The Hazards of Do-it-Yourself Estate Planning
Many websites offer customized, do-it-yourself wills and other estate planning documents. Although such products are convenient, using them could create serious and expensive legal problems for heirs.
These digital services appear to offer a cost-effective and easy alternative to visiting an estate planning or elder law attorney. But is online estate planning worth the convenience and initial savings? While online services might work fine if you have little or no property, small savings or investments, and a traditional family tree, anyone whose needs are not simple should not try to create an estate plan without the help of an attorney.
And you'll likely need a lawyer to definitively determine whether or not your needs are indeed simple. Do you have an estate that is taxable under state or federal law? Do you own significant amounts of tax-deferred retirement plans? Do you know how to fund a revocable trust? Is there anything about your estate that is unusual, such as having children from a previous marriage or a disabled child? If you have any questions about your estate plan, you need to see a professional.
The following are some examples of what can happen if you try to create an estate plan without the help of an attorney:
Using an online generic will, a Florida woman listed several possessions and bank accounts that she intended to go to her brother. After writing the will, the woman inherited additional money and property. However, the woman did not have a "residuary clause" in the original will to say where additional assets should go, and she never revised the will to account for this new property. After she died, her brother argued he should be entitled to her entire estate, but her nieces argued the estate should pass intestate (under the laws of her state as if she had died without a will). The court ruled that because the will had no residuary clause or general bequests that could include the inherited property, the after-acquired property would pass under Florida’s laws of intestacy. This meant the brother was not the sole beneficiary. Aldrich v. Basile (Fla., No.
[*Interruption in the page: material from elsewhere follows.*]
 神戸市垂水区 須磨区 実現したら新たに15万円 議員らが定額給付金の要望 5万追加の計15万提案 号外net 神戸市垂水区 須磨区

SC11-2147, March 27, 2014)
A Massachusetts man used a pre-packaged will form to leave his home to his wife and his four grown children, the product of an earlier marriage. The problem was that the will didn't give the wife the option to remain in the house for the rest of her life. A court case ensued because the children, who possessed the majority interest in the property, could have legally forced the wife to move.
A Pennsylvania man wanted his estate to go to only two of his five children. He wrote his own will, giving his pickup truck to his daughter and his summer house to his son. He also wrote in the will that he was intentionally leaving out his other three children. The problem was that the man did not specify what to do with the remainder of his estate. He died leaving an estate of $217,000. While he probably intended for that money to go to the two children he didn’t disinherit, because the will had no residuary clause, the remainder of the man’s estate passed under the state law that specifies who inherits when there is no will. This meant the estate was divided between all five children. (In Re: Estate of George Zeevering, No. 316-2012, Nov. 7, 2012)
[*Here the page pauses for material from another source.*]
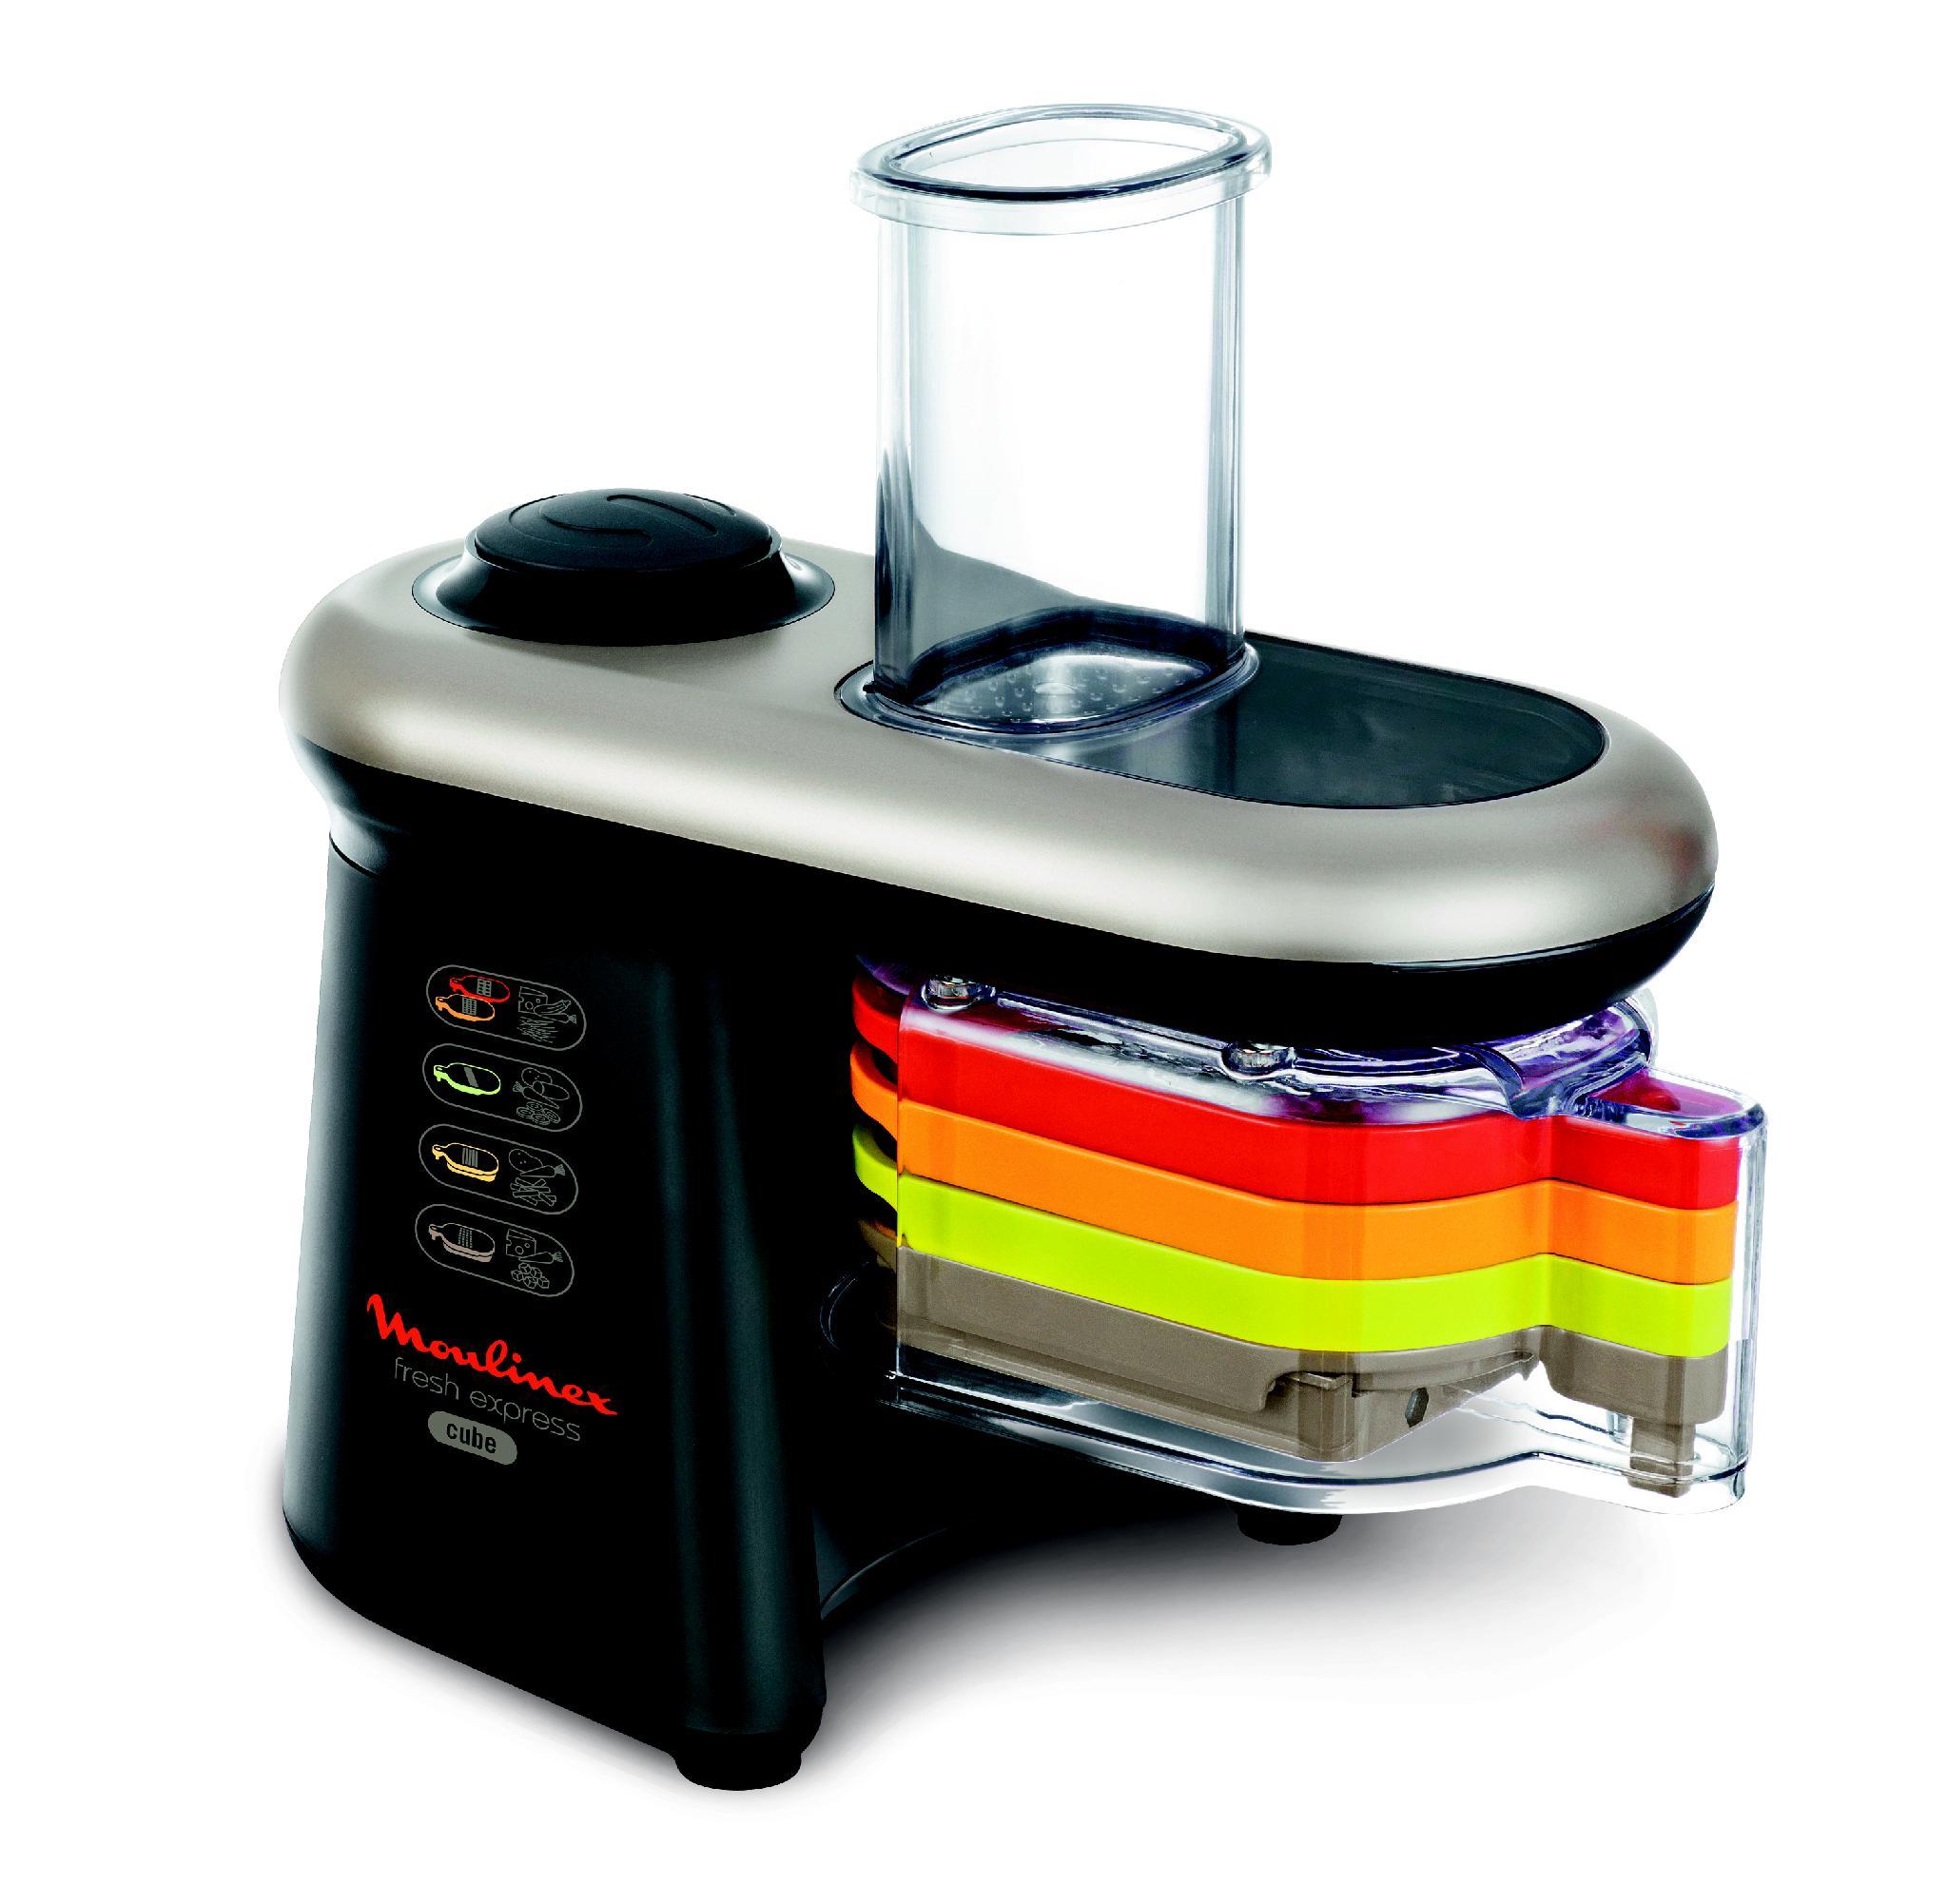 Универсальная резательная машина Moulinex Real Brand Technics 4840.000

The company LegalZoom, one of the most prominent sellers of do-it-yourself wills and other estate planning documents, settled a class action lawsuit brought an unhappy customer in California. A niece helped her uncle prepare a will and trust using LegalZoom. The niece believed that the documents they created would be legally binding and that if they encountered any problems, the company's customer service department would resolve them. The niece could not transfer any of her uncle's assets into the trust because the financial institutions that held his money refused to accept the LegalZoom documents as valid. She had to hire an estate planning attorney to fix the problems, and the attorney also discovered that the will LegalZoom created had not been properly witnessed. All this cost the uncle’s estate thousands of dollars. (Webster v. LegalZoom Inc., No. BC438637, Oct. 1, 2014)
The irony is that using a boilerplate will form in these cases not only frustrated the decedents’ testamentary intent, but ultimately cost their estates far more than a simple consultation with an estate planning or elder law attorney would have.